Литмир - Электронная Библиотека

— Петь на сцене — только время зря терять! — сказала она, проглаживая утюгом лабораторный халат. При взгляде на него у Печеньки слезились глаза, словно она смотрела на снег ясным морозным утром. — Зачем тебе это?

— Почему бы и нет? — растерялась Печенька: прежде родители никогда не реагировали так категорично. — Учитель сказал, у меня хороший голос. Почему бы не попробовать? Вдруг я смогу стать певицей или музыкантом?

— Певички только и делают, что под фонограмму рот открывают. А ты должна выбрать серьёзную профессию, когда закончишь школу, — мама грохнула утюгом о подставку и встряхнула халат. — Хорошая профессия позволит тебе стать уважаемым человеком, полезным обществу. И уже сейчас нужно усердно заниматься, быть внимательной и не отвлекаться на воздушные замки только потому, что тебе кто-то так сказал.

— Выбрось-ка из головы эту глупость, дочка, — добавил папа. — Тем более, тебе скоро сдавать проект по неорганической химии. Он уже готов?

Печенька покачала головой и побрела в свою комнату, стирая катящиеся градом слёзы. Они даже не захотели её выслушать! Что плохого в том, что она хочет петь? Разве она виновата, что природа наделила её таким талантом?

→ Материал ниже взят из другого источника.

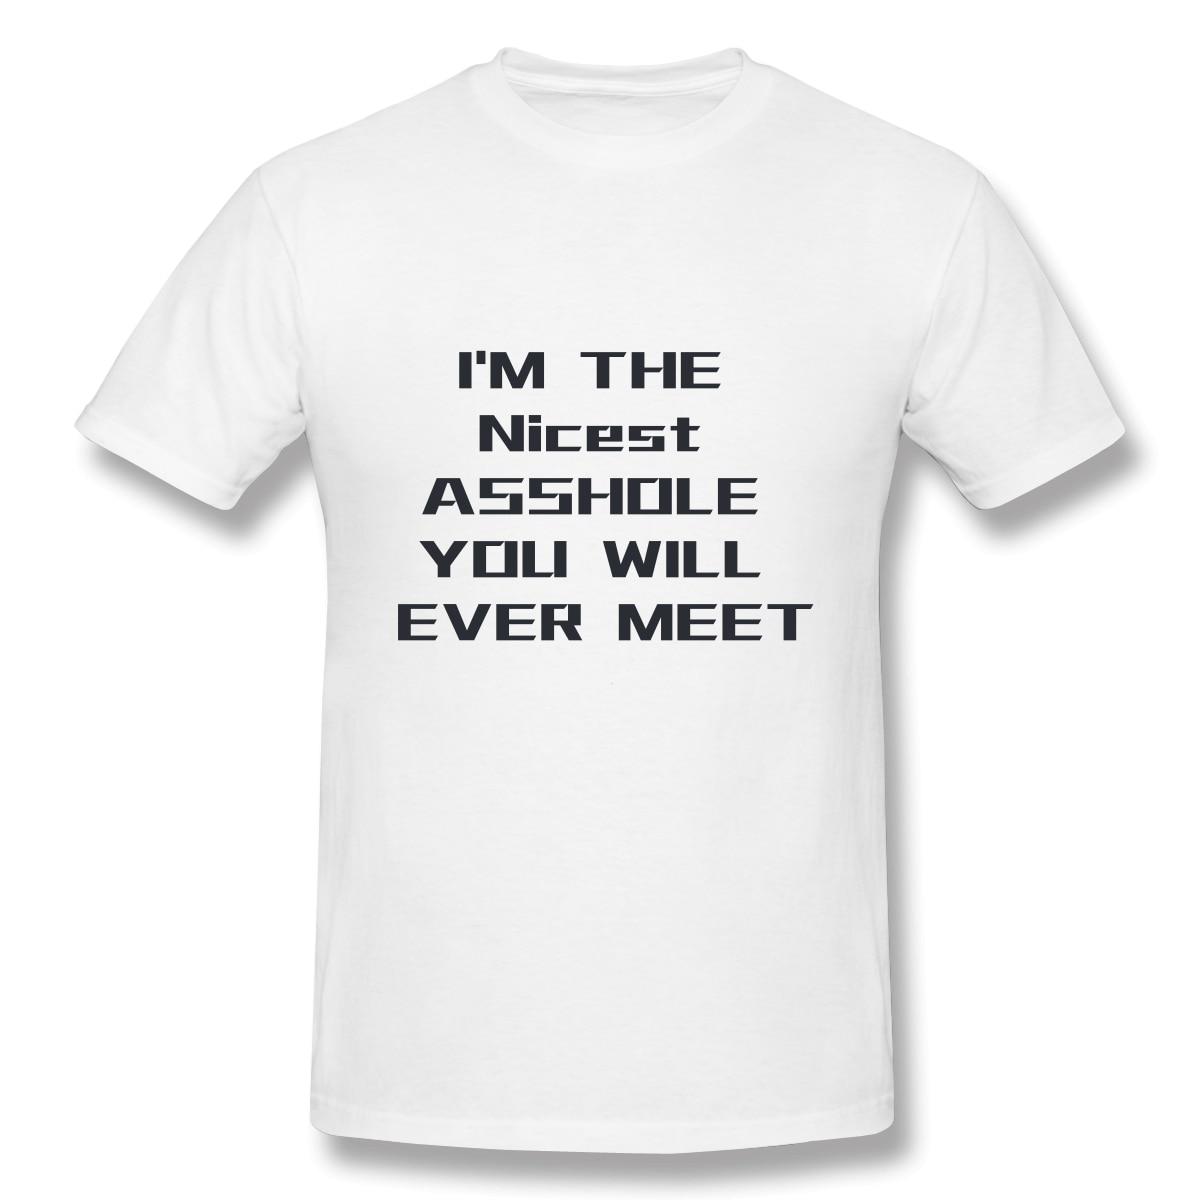 Rude Shirts Men Cool Mens Shirt Crazy Shirt Nice Guy Gifts Funny Shirt For Men Shirt For Asshole Sarcastic T Shirt Asshole Shirt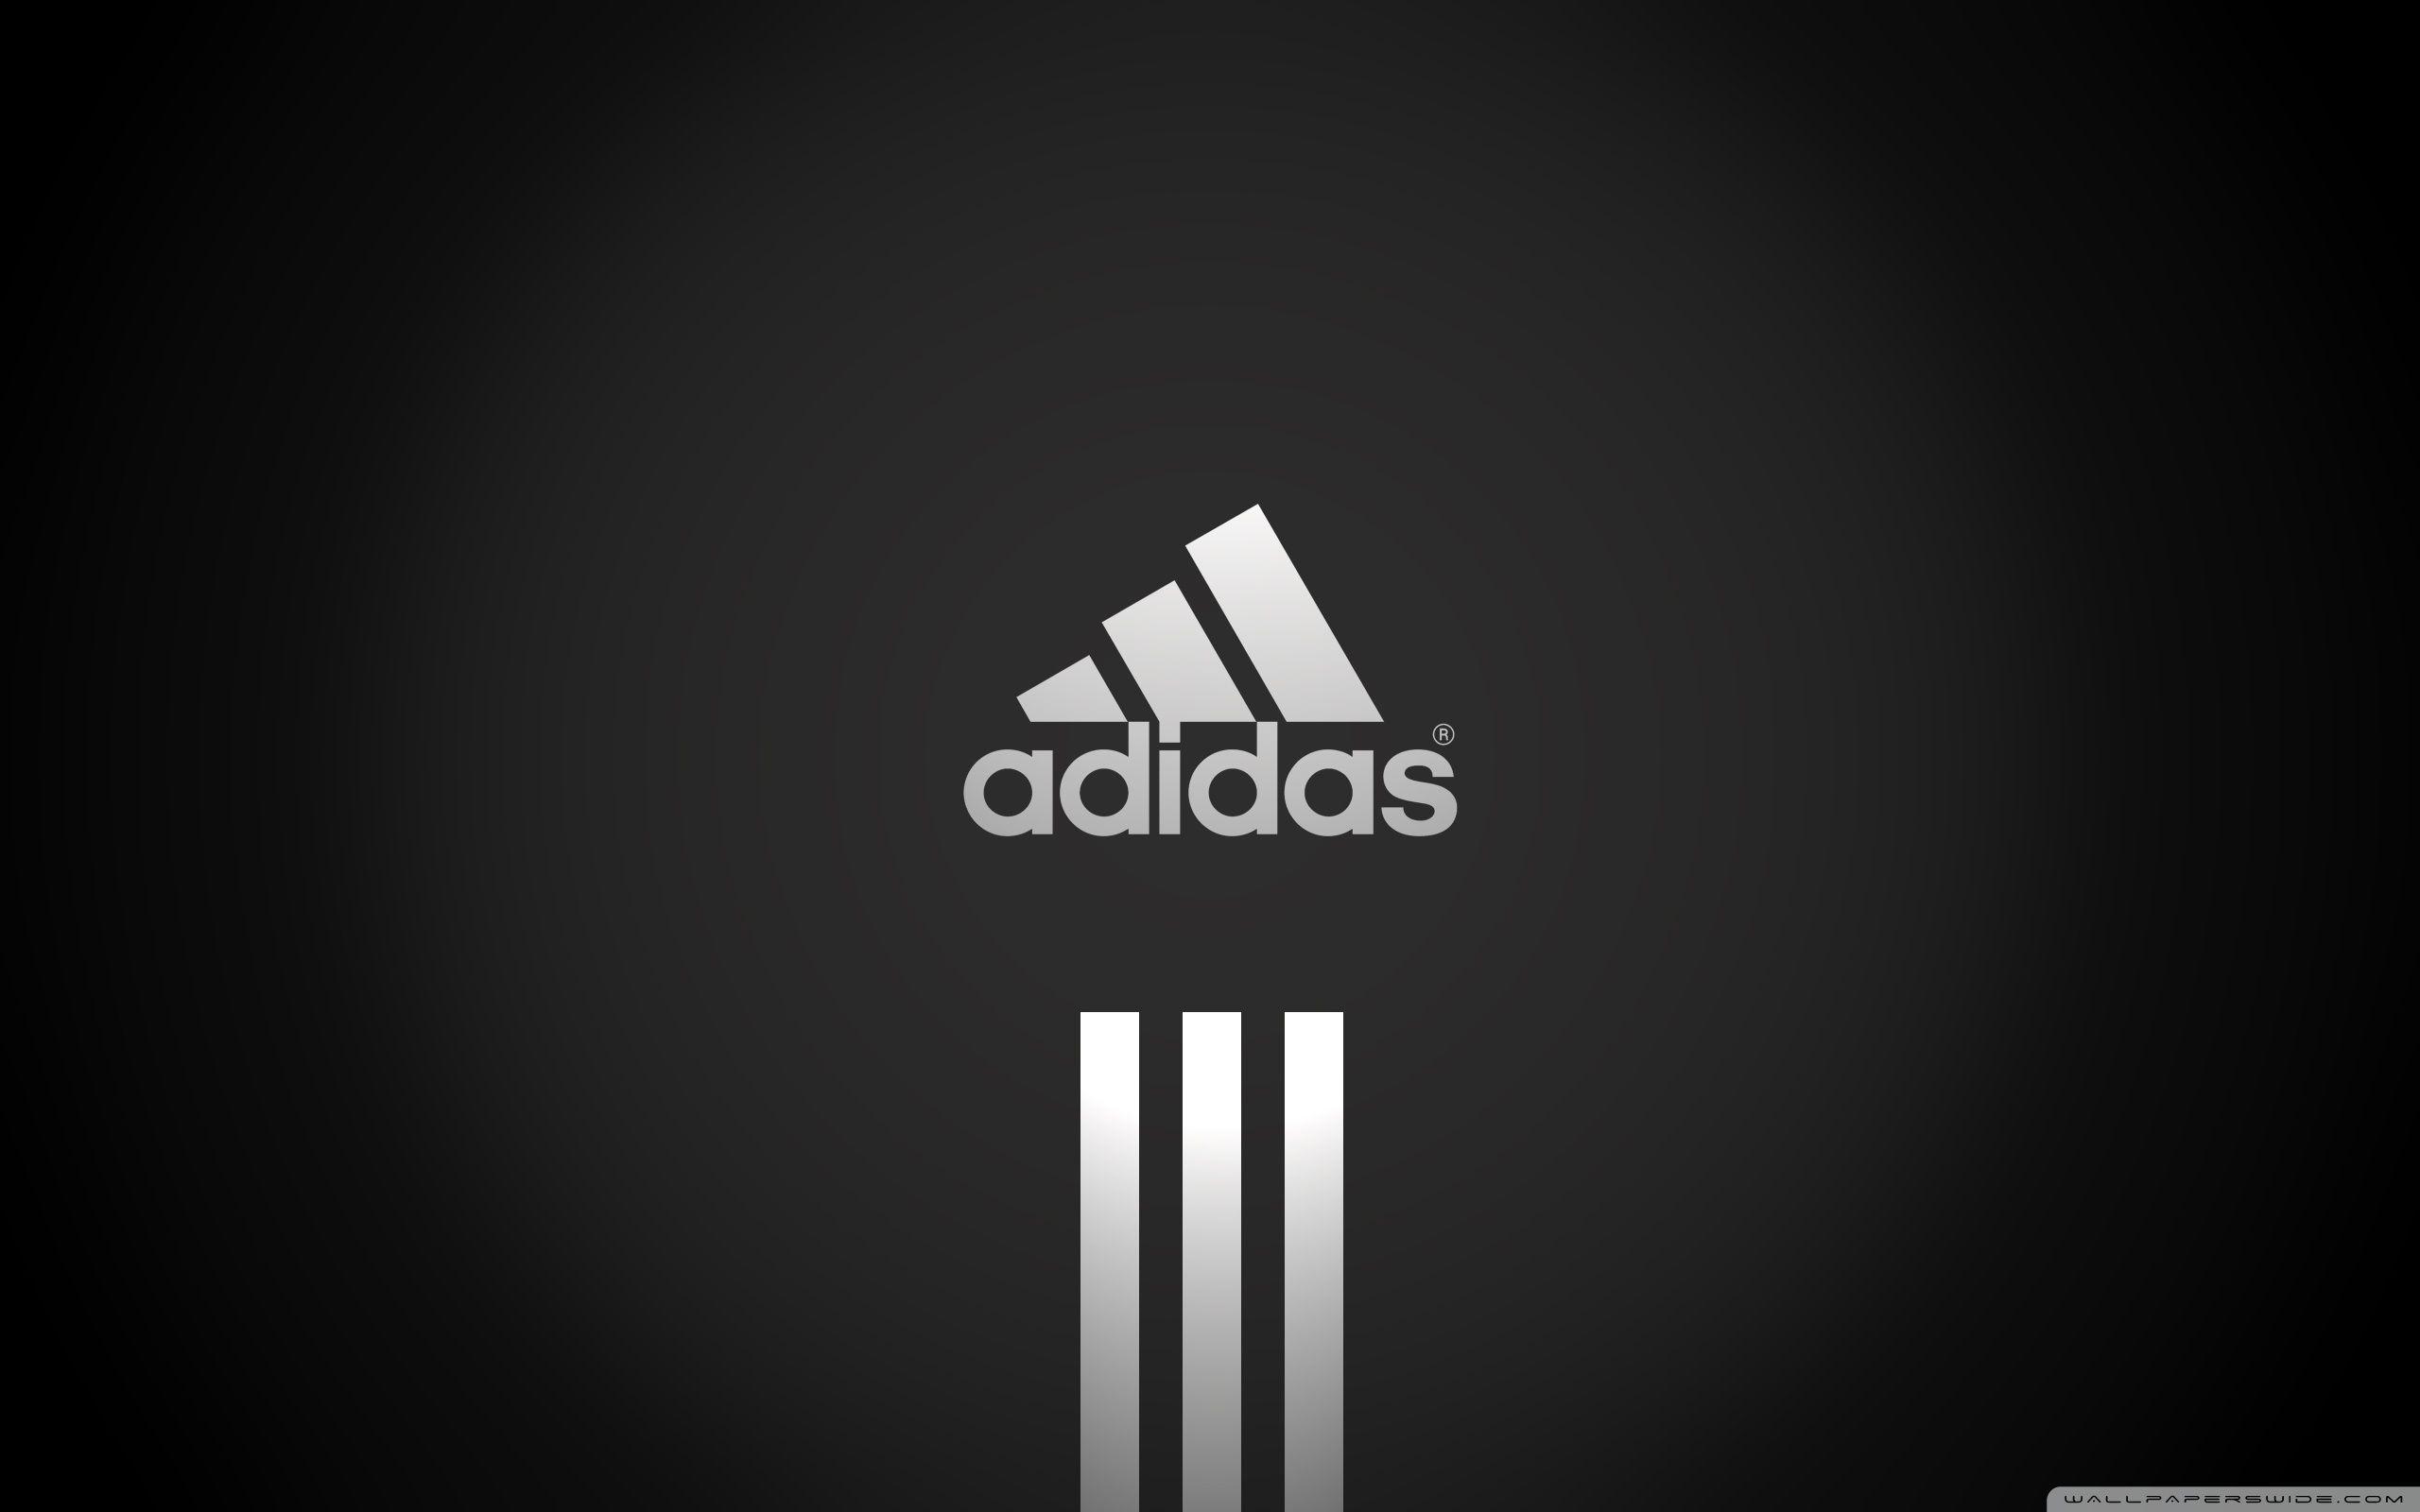 Adidas 4k Wallpapers Top Free Adidas 4k Backgrounds Wallpaperaccess Adidas Logo Wallpapers Adidas Wallpapers Adidas Logo

В тот вечер Печенька долго не могла успокоиться, но всё же сумела взять себя в руки. Она всегда была упрямой и добивалась своего: не получался какой-то опыт по химии или физике — начинала с самого начала и повторяла до тех пор, пока не получала идеальный результат; вычисления не сходились — стирала все записи и решала задачку заново. Что ж, раз родители так хотят, она продолжит ходить на олимпиады и отправлять свои проекты на научные конкурсы, но и учиться петь она тоже будет: не в музыкальной школе, так в школьном хоре и на уроках музыки. Пусть первое время придётся бегать в этот кружок тайком, но потом, чуть позже, она всё расскажет, и папе с мамой должны будут принять это.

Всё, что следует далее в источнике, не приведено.